Amelie Veille

Guestpost! Dave on yet another beauty from Quebec: Amelie Veille.

One of the nicer things that can happen on any given day is coming across a new album by a favorite artist who you thought had stopped recording. I think I can be forgiven for thinking this, as Amelie’s last CD, “Un Moment ma Folie”, was from six years ago. Amelie’s on the folk side of rock, a pretty singer-songwriter with girl next door looks (well, I wish she was next door, anyway), a soft voice, and an acoustic guitar. Her first two albums were a bit on the melancholy side, from her own description, but even so most of the songs stay upbeat in tempo. Amelie’s new CD, Mon coeur pour te garder, strikes out in a different direction, light-hearted and fun. (Video here, nice article here) Here are three favorites, one from each of her albums.

Now if only Adrienne Pauly would finally, finally come out with a new album.

Amelie Veille – Mon coeur pour te garder (original here)
Amelie Veille – La main sur le carreau
Amelie Veille – Je voudrais te dire

Dawn Landes

A Kentucky-girl with a husky voice who fell in love with France, who learned to speak French by listening to French music and finally released a French EP. Dawn Landes‘ story in a nutshell. The countryfied singer, who released two albums on France-based label Fargo, got help from (among others) Karen Lohier of Katel, Tunde from TV On The Radio and Matthew C. from Nada Surf. With the latter, she sings a pretty duet. The EP closes with a Georges Brassens cover, and features touches of doo-wop, country, jazz and Françoise Hardy-style weepers. Not all songs are great (not a big fan of La Vie Au Lasso), but that duet is just lovely. The EP comes with a book of illustrations by Dawn.

Dawn Landes & Matthew Caws – L’ingénue

Liminanas

If Serge Gainsbourg had written songs with The Velvet Underground, it might have sounded like The Liminanas. Somebody else wrote that, but it’s a great way to describe the sultry, fuzz-drenched basement-sound of the trio from Perpignan. Their second album Crystal Anis is out, and the second you hear the bass in Ballade pour Clive, you’ll get the Gainsbourg-reference. This is music to listen to with darkdarkdark-shades on, while Super8-porn is being shown on the screen in the humid cellar, the leather-clad crowd is getting anxious yet you’re keeping it cool. You might dance. Horizontally or vertical, maybe both. Gimme another shot, barkeep!
See a video for an English track from their debut album here.
Listen to their Beach Boys cover here

The Liminanas – Ballade pour Clive

Granville

Californian fuzz mixed with Normandic charm – that’s Granville. A quartet, Melissa Dubourg is the female singer. They made a few singles, notably Slow (great video), and the just released Jersey b/w La Ville Sauvage (see Bandcamp). They cite Best Coast and Françoise Hardy as influences. Keep an eye on’m! Listen to a Filles & Garçons remix here. Acoustic session here.

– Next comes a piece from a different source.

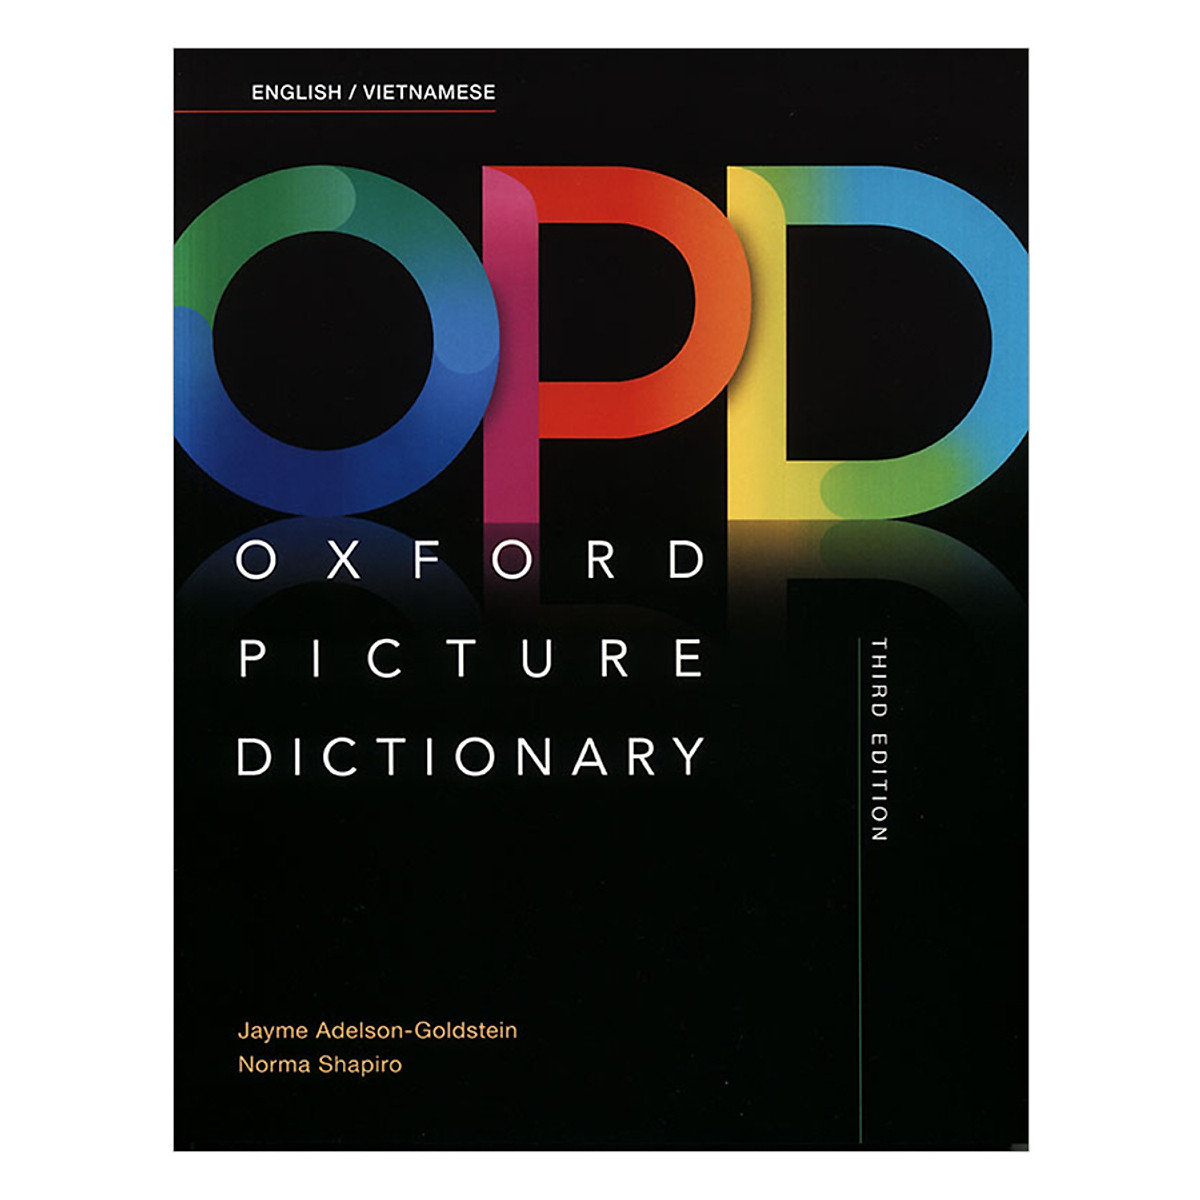 Oxford Picture Dictionary English/Vietnamese 3 Ed. Dictionary

Granville – La ville sauvage

Lisa Leblanc

It takes a real woman to write a guestpost on, well, a real woman. Natasha on fellow Canadian Lisa Leblanc:

When singer Lisa Leblanc belts, “Maybe tomorrow will be better, but today my life is shit”, the Acadian-Canadian singer, who accompanies herself on the banjo, is pouring out her guts for real. The first time I saw her in the video of “Aujourd’hui, Ma Vie C’est D’la Marde” (‘marde’ = ‘merde’ in Canadian French), I was like a moose caught in the headlights, bought the physical CD my first day back in Montréal on holiday this summer and played everywhere.

Leblanc calls her music ‘trash-folk’, and her first eponymous album, which came out in March, is catching on like wild fire in French-speaking Canada. Ironically, she says her music is all about trashing the ‘fi-filles’, the very kind of girly girls you’ll find on this blog. The ones that steal her boyfriends because of their perky assets, the ones that sing lovey-dovey ‘Céline Dion’ type songs and can’t write or play an instrument. Leblanc beats the musical crap out of all them, but sleeps alone, as there’s always a price to pay for being a real woman.

What’s an Acadian? Cajun, Acadian, keep pronouncing them until they sound the same. Those people down in Louisiana are descendants of Acadians from Canada’s Eastern province New Brunswick where 40% of the population speaks French, peppered with lots of English nouns, like fellow female singers Marie-Jo Thério and Edith Butler.

Lisa Leblanc – Aujourd’hui, Ma Vie C’est D’la Marde
Lisa Leblanc – Cerveau Ramolli

Barbara Lune video

Remember to brush your teeth afterwards. It’s bubblegumpop with sugarlevels up to eleven. But, sigh, what a girl.